#### [Data]
::::::::

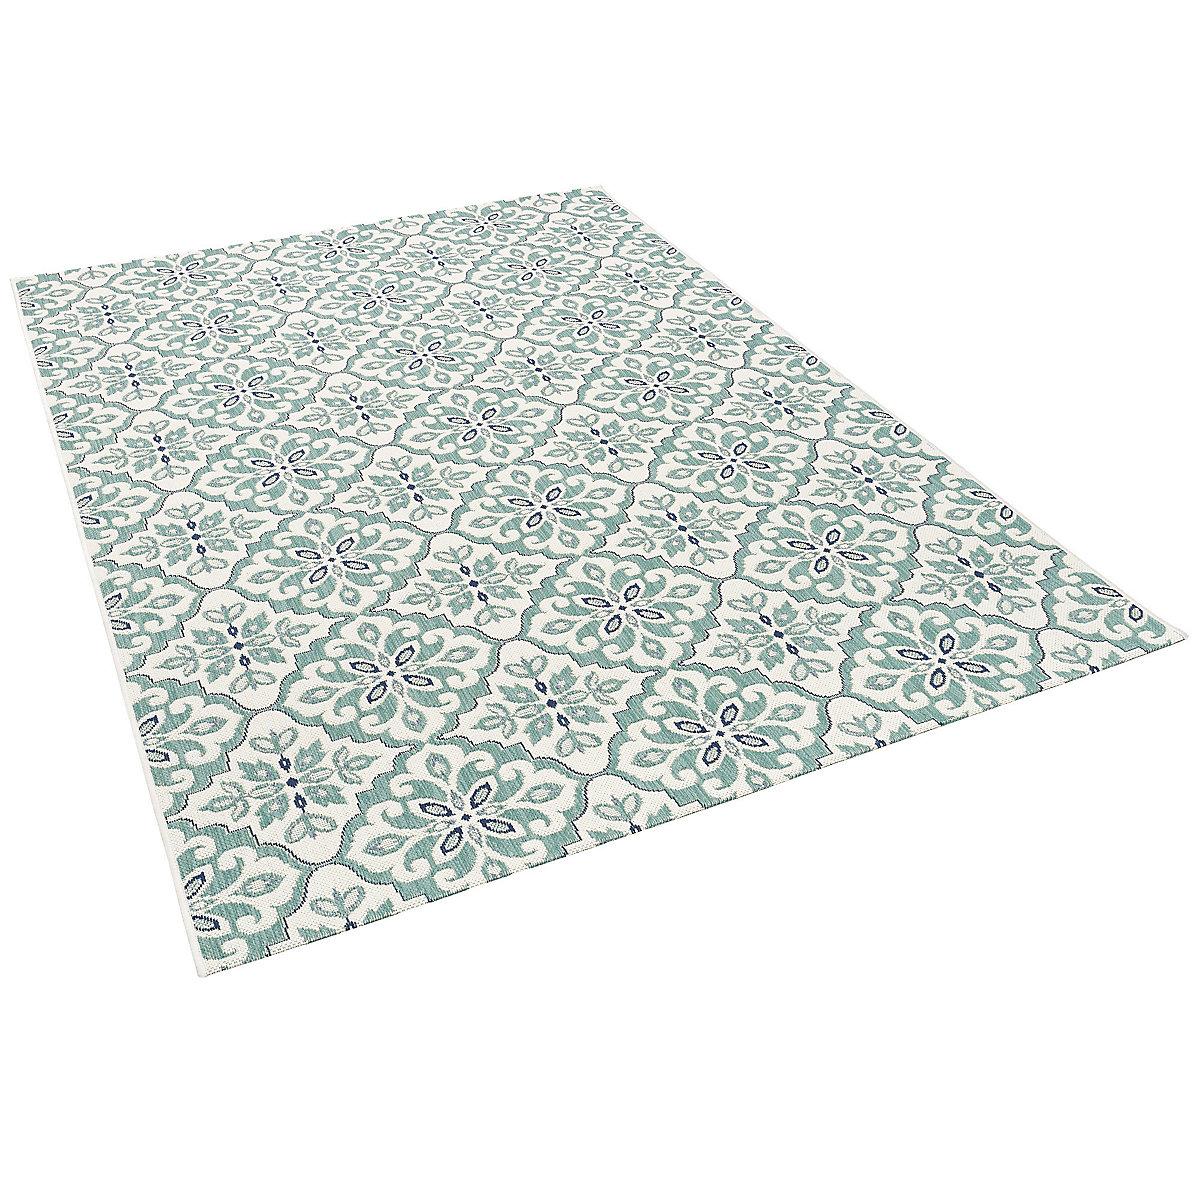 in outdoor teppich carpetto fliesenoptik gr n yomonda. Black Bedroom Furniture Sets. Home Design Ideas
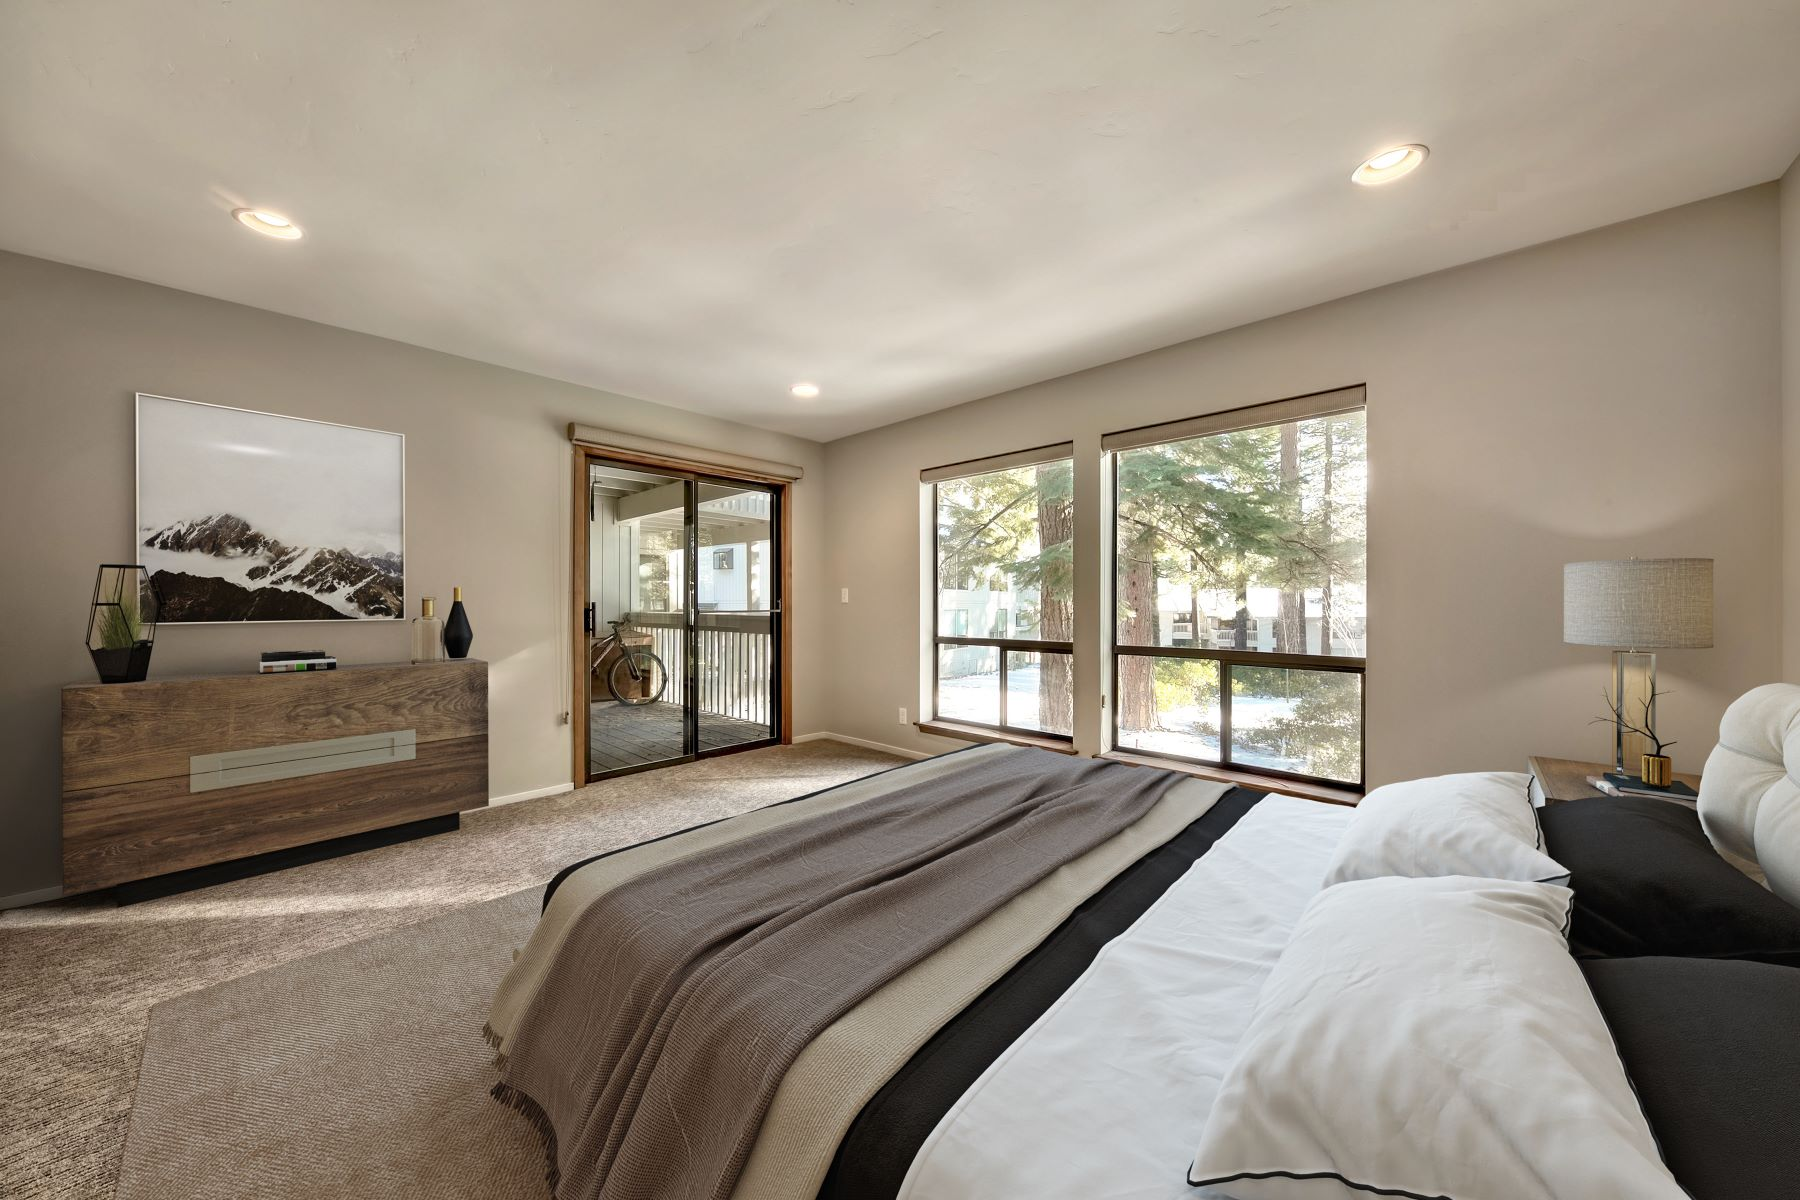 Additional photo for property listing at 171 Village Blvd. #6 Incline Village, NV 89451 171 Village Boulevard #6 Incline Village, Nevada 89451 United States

::::::::

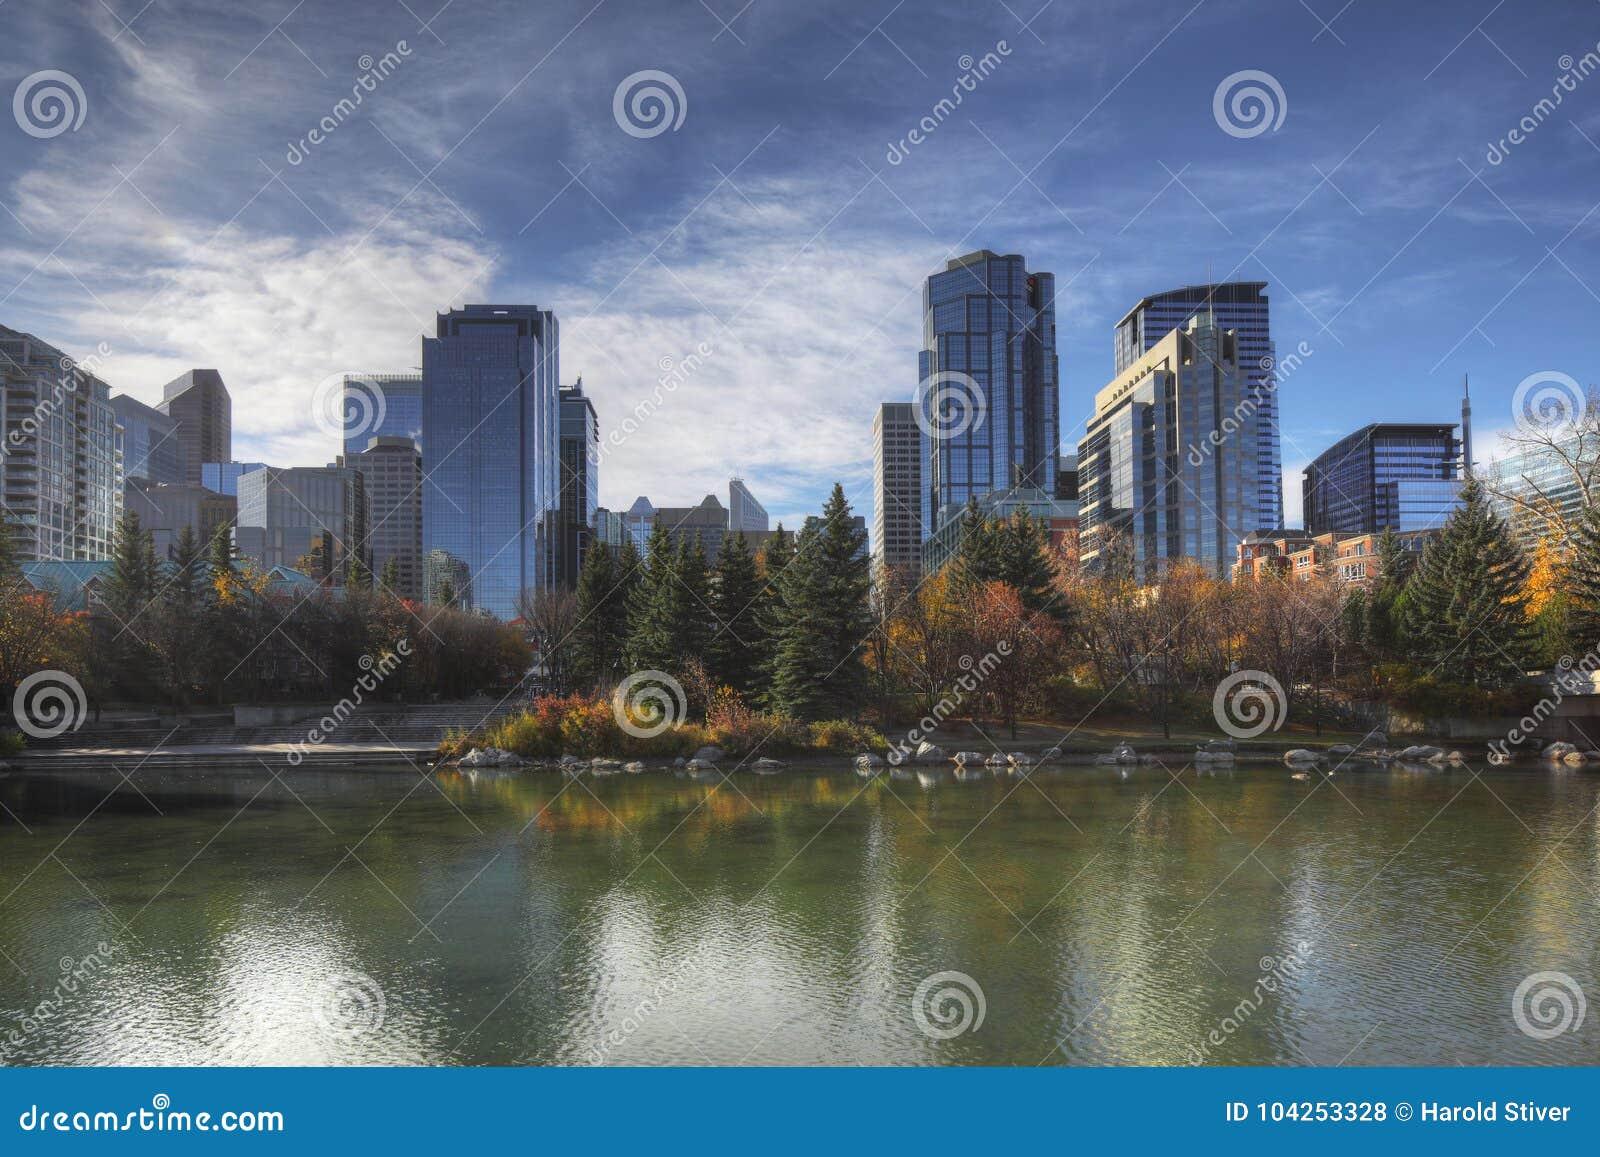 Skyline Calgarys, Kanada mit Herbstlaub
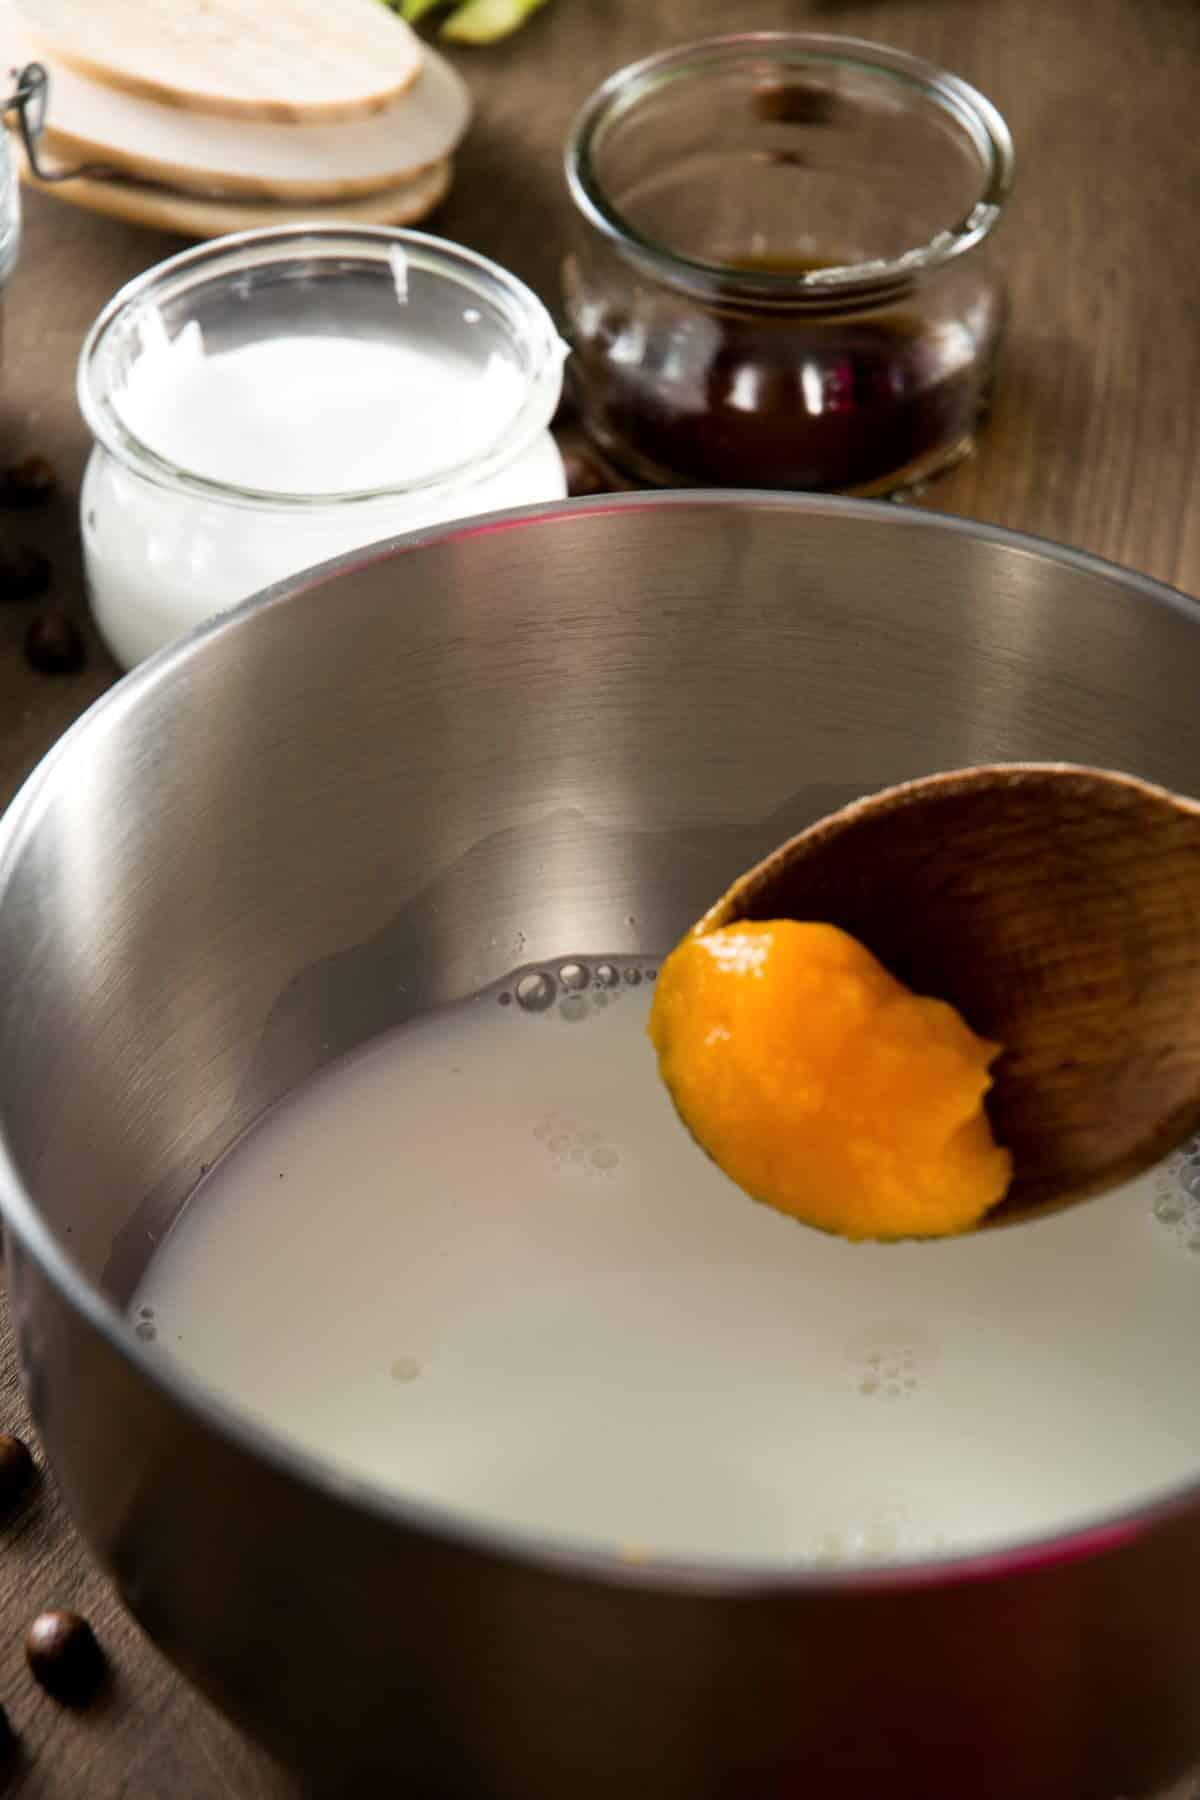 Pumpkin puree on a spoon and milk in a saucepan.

::::::::

#### [Aim of the exercise]
Exactly the lines above from the one that contains "in outdoor teppich" down to the one that contains "Additional photo for" are to be output, both ends kept and pictures omitted.

#### [Result of this task]
 in outdoor teppich carpetto fliesenoptik gr n yomonda. Black Bedroom Furniture Sets. Home Design Ideas
 Additional photo for property listing at 171 Village Blvd. #6 Incline Village, NV 89451 171 Village Boulevard #6 Incline Village, Nevada 89451 United States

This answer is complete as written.